I was interested in the "purrs" - probably because they had such a silly name - and managed to find a little information about them.  Thomas Quayle wrote this in his 1812 General View of Agriculture in the Isle of Man:   
The Isle of Man had also its peculiar breed of pigs (known to the locals as 'purrs'), now totally extinct.  In summer they ran wild in the mountains; were lank; of a sandy or grey colour, with black spots, and, as tradition reports, partook of the wild-boar flavor. Their number was, in former days, sufficiently great to attract the cupidity of the tithe-owners.

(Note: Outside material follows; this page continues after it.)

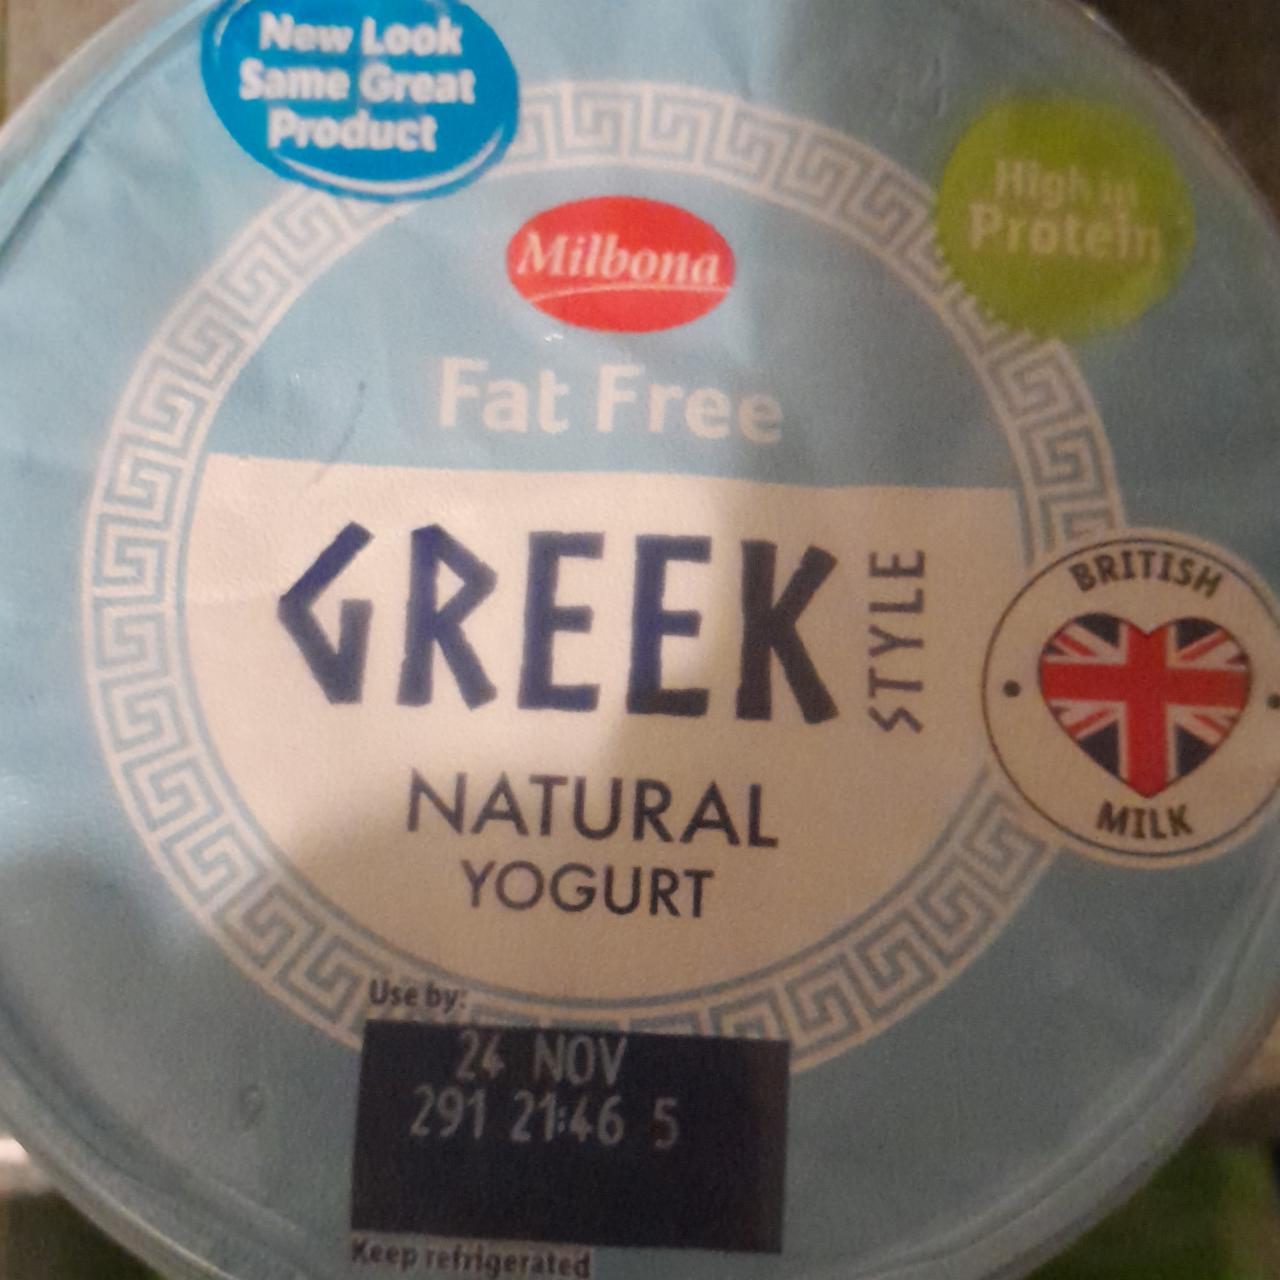 Zdjęcia - Fat free greek style natural yogurt MIlbona

As for the name, Cleigh is easy enough.  It just means hedge, but this can mean more than just a row of shrubby plants on the Island.  According to a consultation paper by DAFF "The vernacular Manx sod-hedge can also be considered similar in structure to a Cornish hedge which is defined as ‘generally a built structure or bank with or without a stone facing. Frequently, these are topped with woody trees, plants and shrubs and, sometimes but not always, form hedgerows’"  The arguments start when we get to Arragh which usually means Spring (the season) in Manx.  But this doesn't make sense although someone suggested that the purpose of the dyke could have been to protect the lambs which graze on the hillside in spring.  Another version is that Arragh is taken from Gaelic root ar, and means tillage or ploughland - and this is considered more likely by the experts.
 
We turned up the Tholt y Will road and walked the last mile and a bit back to the cars.  There were some different thistles growing at the side of the road.  One was incredibly spiny and I think it may be a welted thistle (Carduus crispus).



And here is a photo of one of my favourite insects - a little hairy bumblebee which just happened to be sitting on another thistle.



While we were taking off our boots by the cars, one of the electric trams crossed the mountain road en route to the summit.  A much easier way of enjoying the view from the top.